-- Dataset section follows --
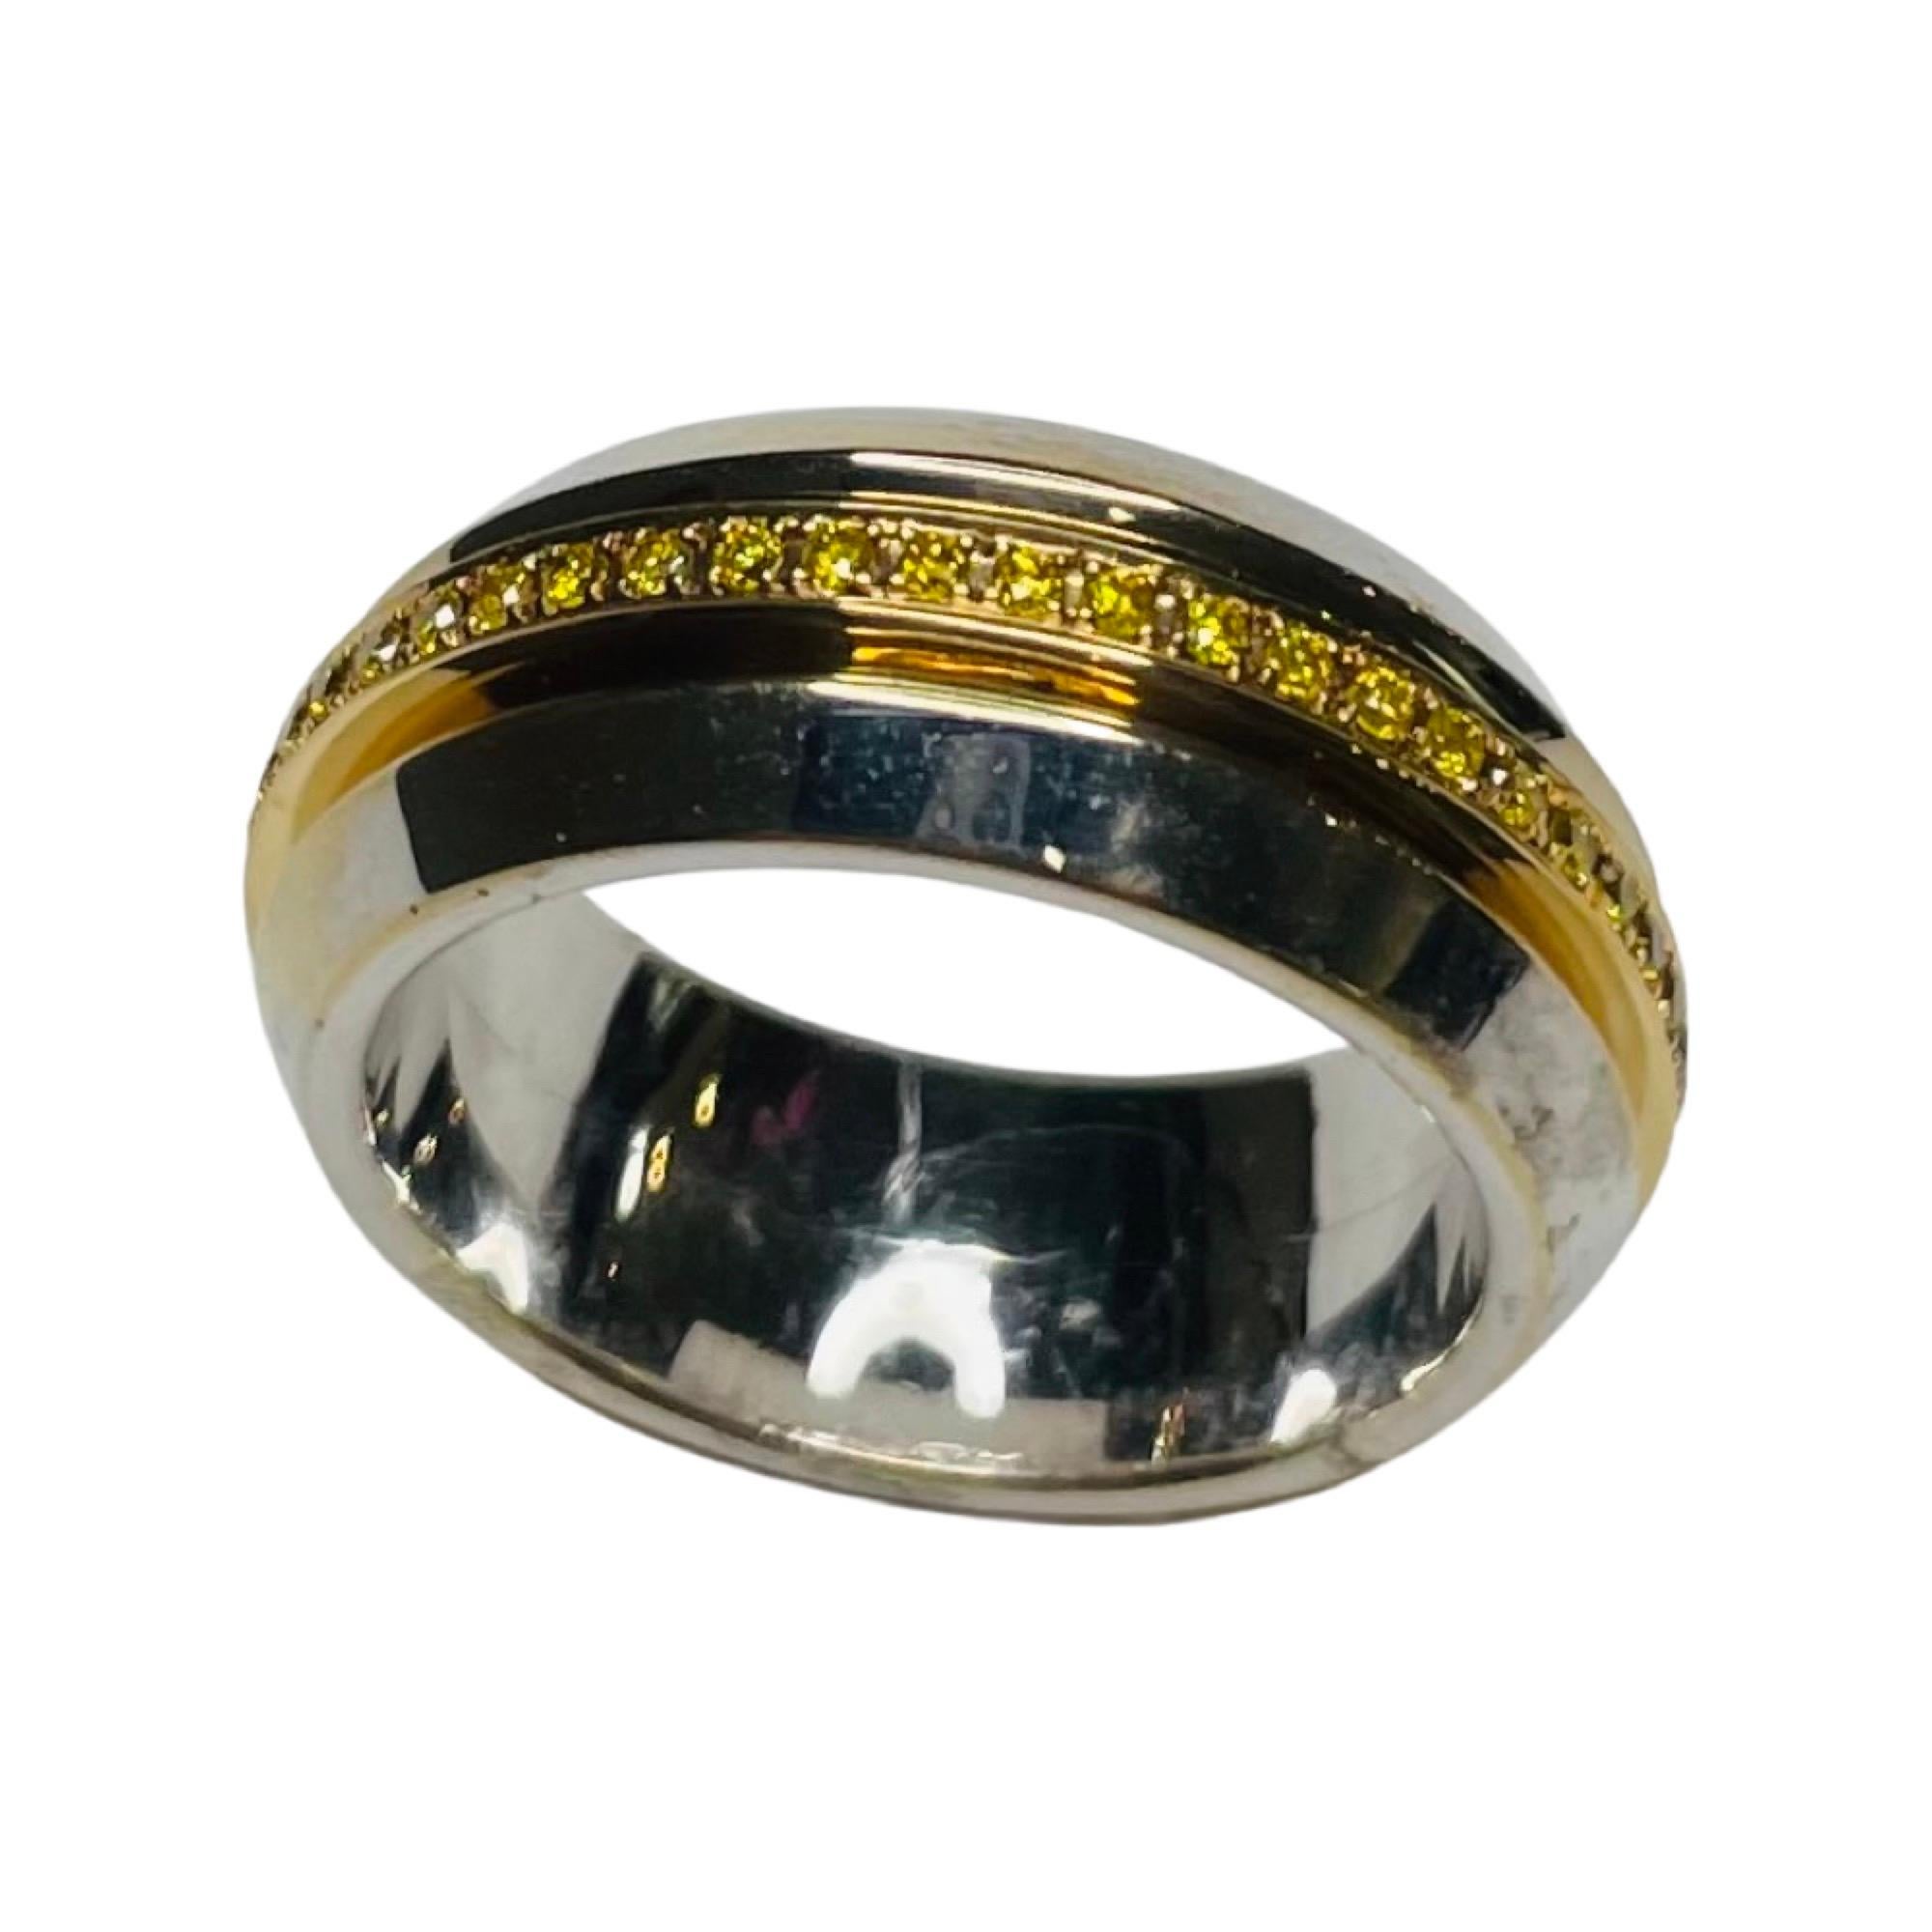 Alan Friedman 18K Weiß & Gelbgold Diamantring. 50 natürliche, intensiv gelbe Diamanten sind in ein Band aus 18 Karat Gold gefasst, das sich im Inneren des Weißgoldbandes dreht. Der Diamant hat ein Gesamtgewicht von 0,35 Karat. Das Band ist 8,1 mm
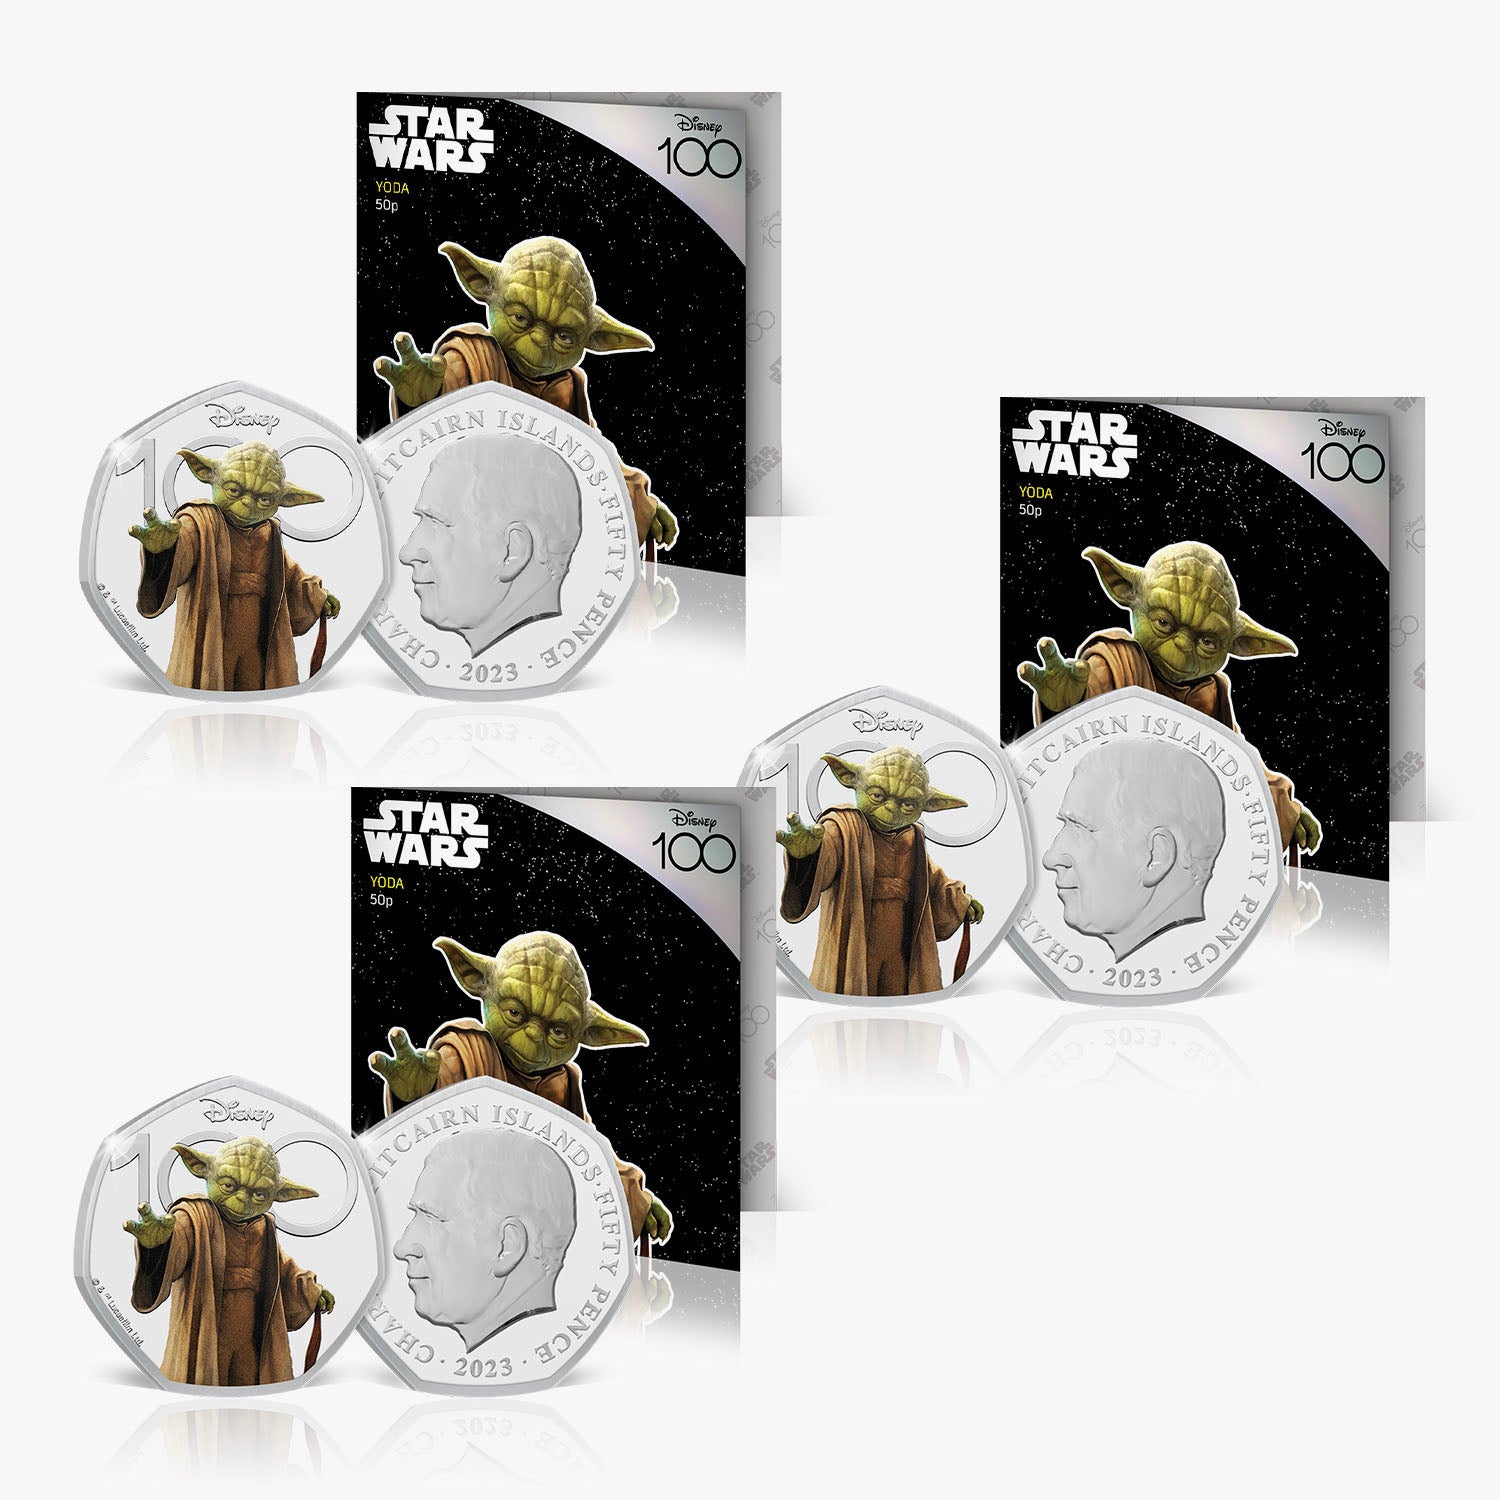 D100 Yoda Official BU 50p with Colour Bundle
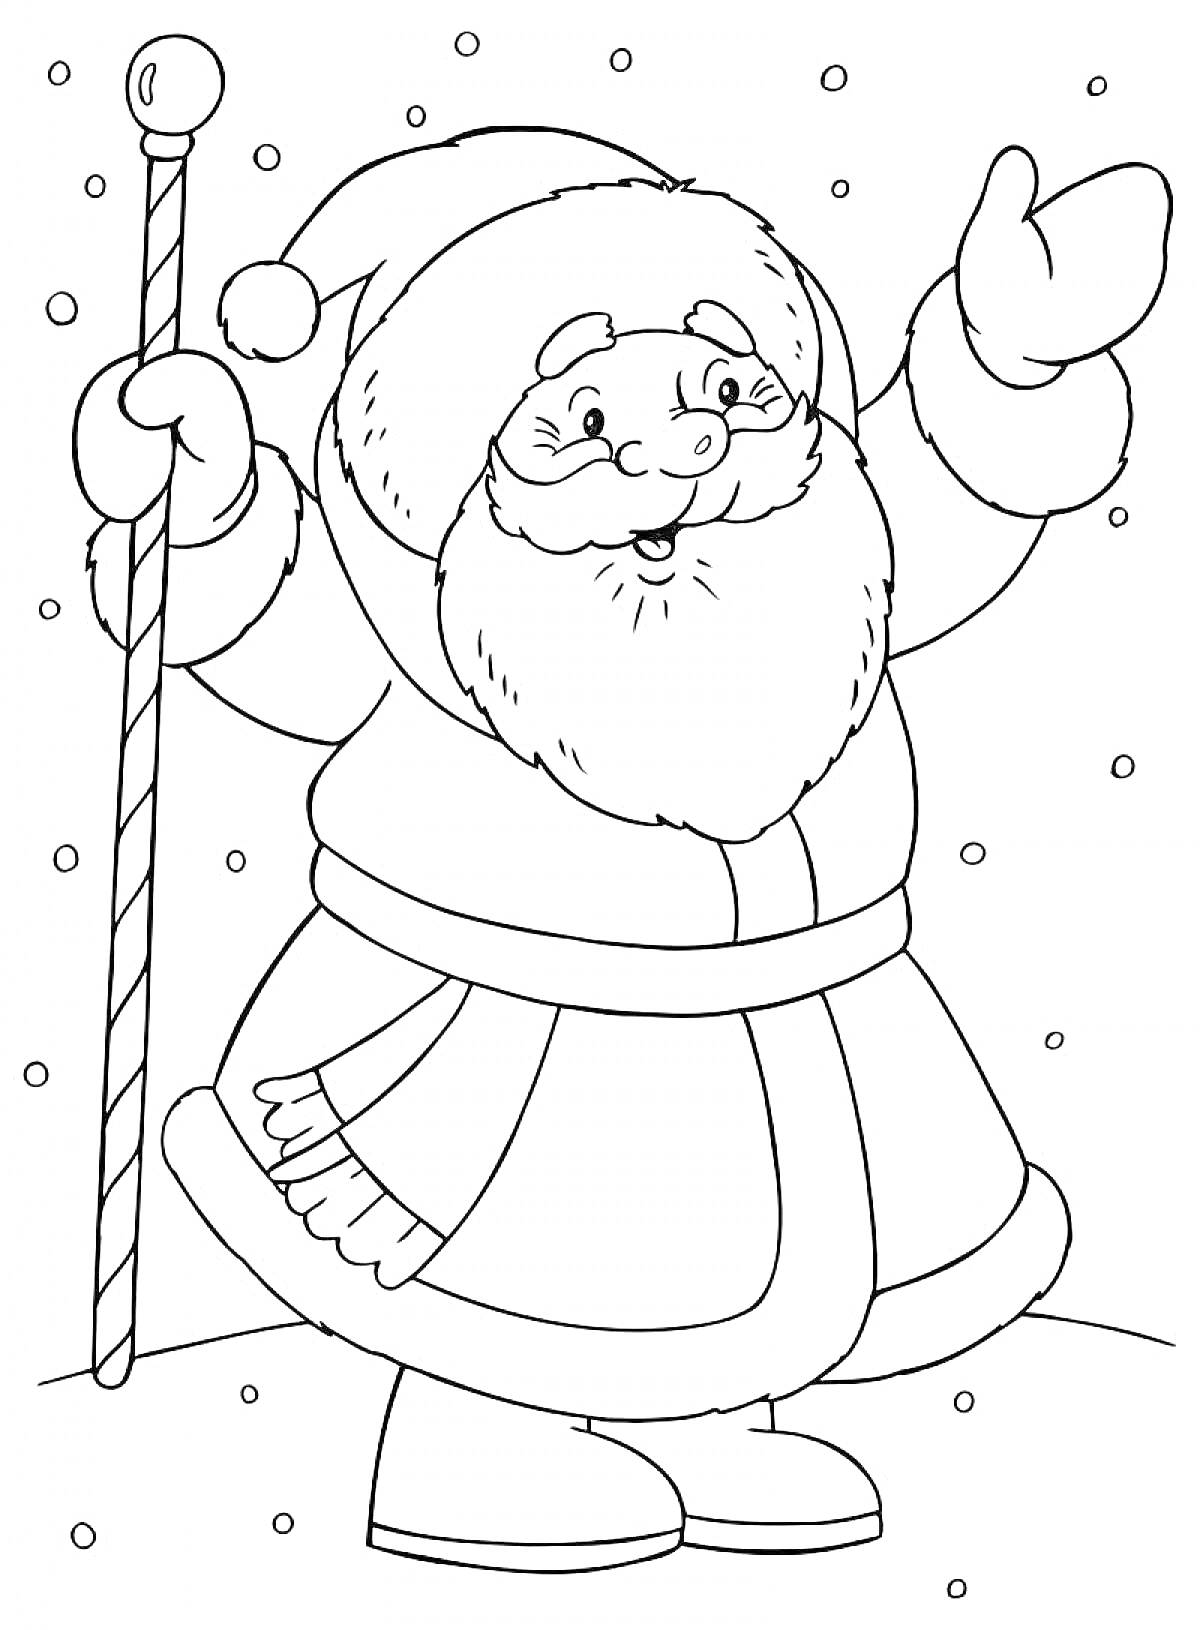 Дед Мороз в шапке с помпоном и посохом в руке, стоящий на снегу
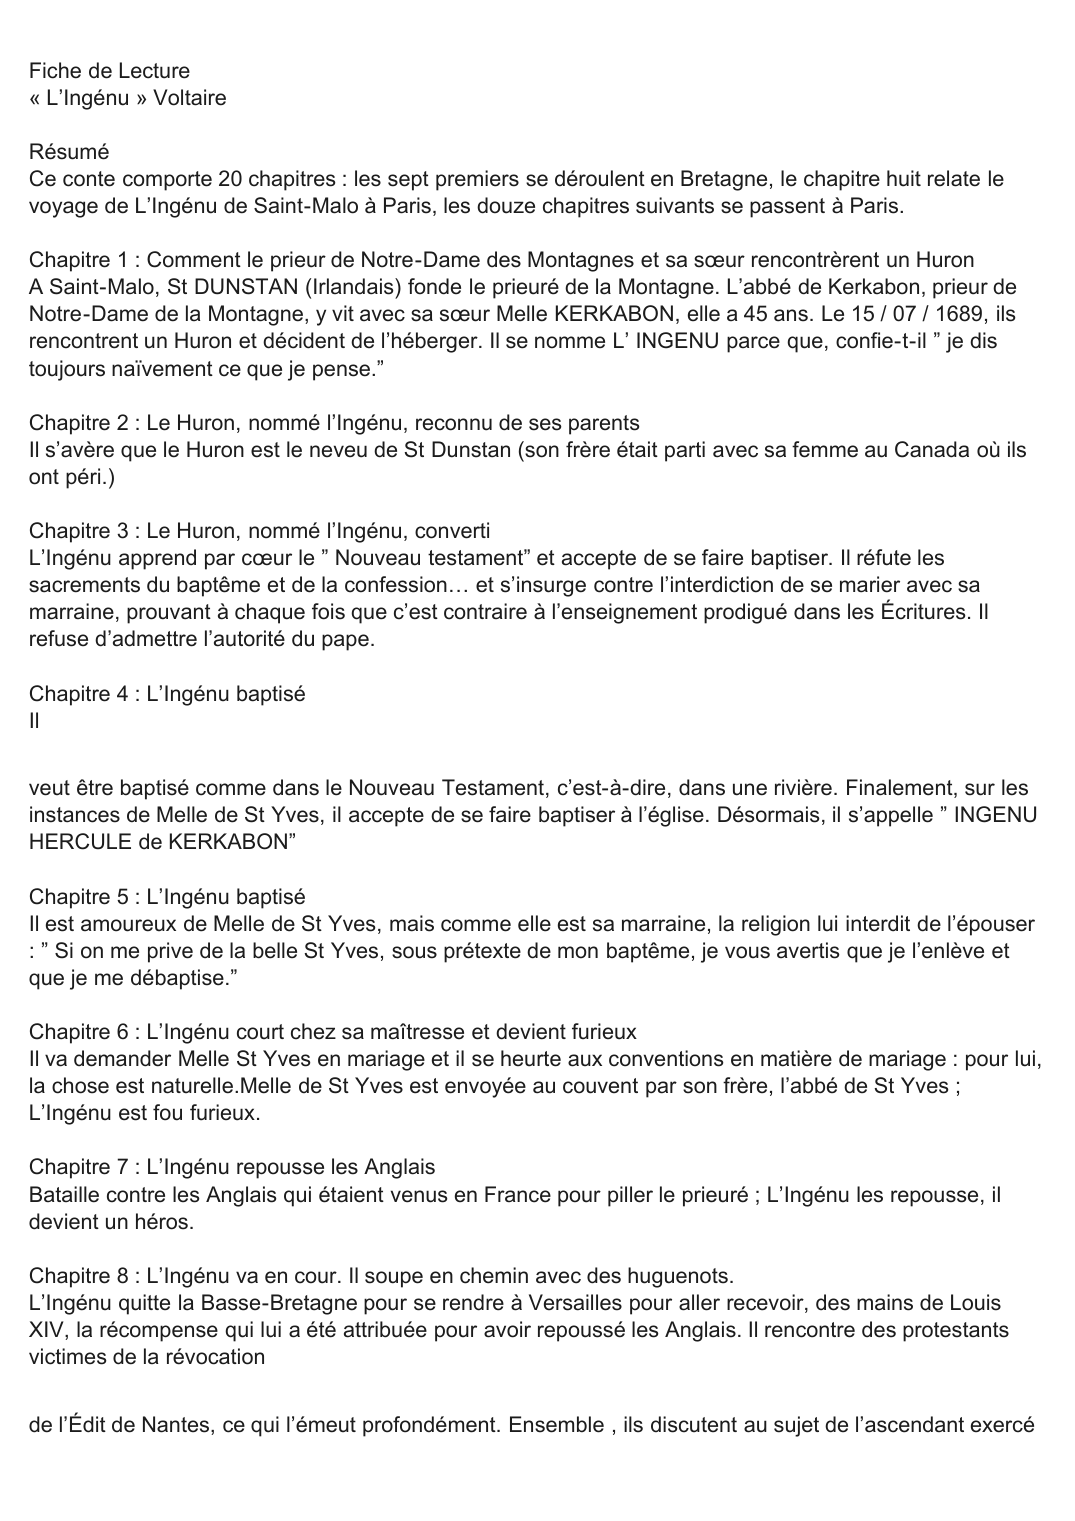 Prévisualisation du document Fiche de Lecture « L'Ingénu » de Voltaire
-- Dataset section concluded --
● **Problem to work on**: The answer should consist only of the lines from the line with "Дед Мороз в" through the last line of the data, repeated exactly; pictures stay out.

● **Response below**:
 Дед Мороз в шапке с помпоном и посохом в руке, стоящий на снегу
 Prévisualisation du document Fiche de Lecture « L'Ingénu » de Voltaire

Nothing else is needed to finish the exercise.